Ask Full Fact: our EU membership fee and the economy
“Will the money we could save by not paying for EU membership actually represent a gain to the UK economy?”
Experts on both sides agree that the impact of leaving the EU on the UK’s economy would be much bigger than what we save on the membership fee—regardless of whether they think it would be a positive or negative impact.
Economic studies put other factors down as more important
Economists say that the money involved in our contribution to the EU budget is relatively small compared to the wider economic issues involved.
In 2014, the UK economy was worth around £1,817 billion in cash terms.
The ‘membership fee’ the government sent to the EU—even before deducting money that comes back—was an estimated £14 billion.
If after leaving the EU we wanted to keep up spending in areas that EU money currently covers, such as farming, poorer regions of the country and research grants, the saving would be around £6 billion.

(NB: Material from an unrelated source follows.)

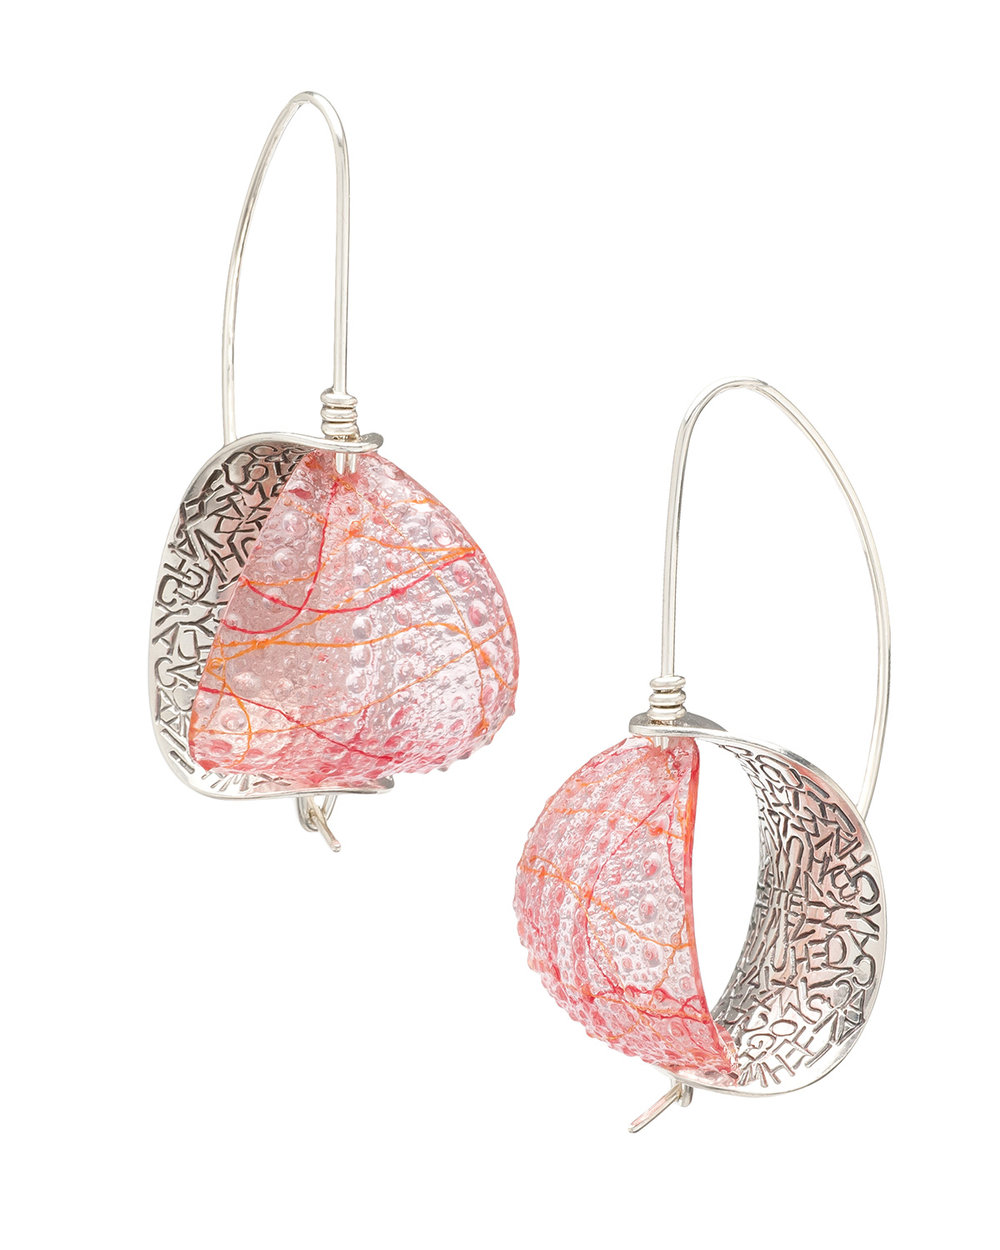 2016-09-Mary-Lynn-Podiluk-Retroflex-Earrings-31a.jpg

So the saving would be around 0.3% of the size of the economy. Researchers at the London School of Economics recently arrived at a similar figure.
But you don’t have to agree with them to think that the membership fee is small relative to the overall costs and benefits of leaving.
A study from the Institute of Economic Affairs, arguing that the UK would actually gain from trade and less regulation by leaving the EU, says that our continued membership of the EU could cost the economy 13% of its value every year. Only a small portion of that is put down to the membership fee.
A third report by Open Europe that gives a range of possible outcomes, from good for the economy to bad, sees the membership cost as more significant in the grand scheme of things, but still only one of several factors. Trade and regulation are seen as more important.
Economic changes would affect the government’s finances far more than the membership fee savings
If the economy did suffer, it wouldn’t be much comfort that the government has made a financial saving on the membership. A weaker economy usually means the government gets less in taxes, after all.
The Institute for Fiscal Studies, a pre-eminent economic think tank which is on neither side, says “the overall fiscal consequences of withdrawal [from the EU] would be overwhelmingly driven by the effects of that decision on the wider economy”.
So if the economy is important to you in making your decision, it’s best not to focus too much on the membership fee on its own, and instead think about the impact overall. We’ve looked at the arguments about that here.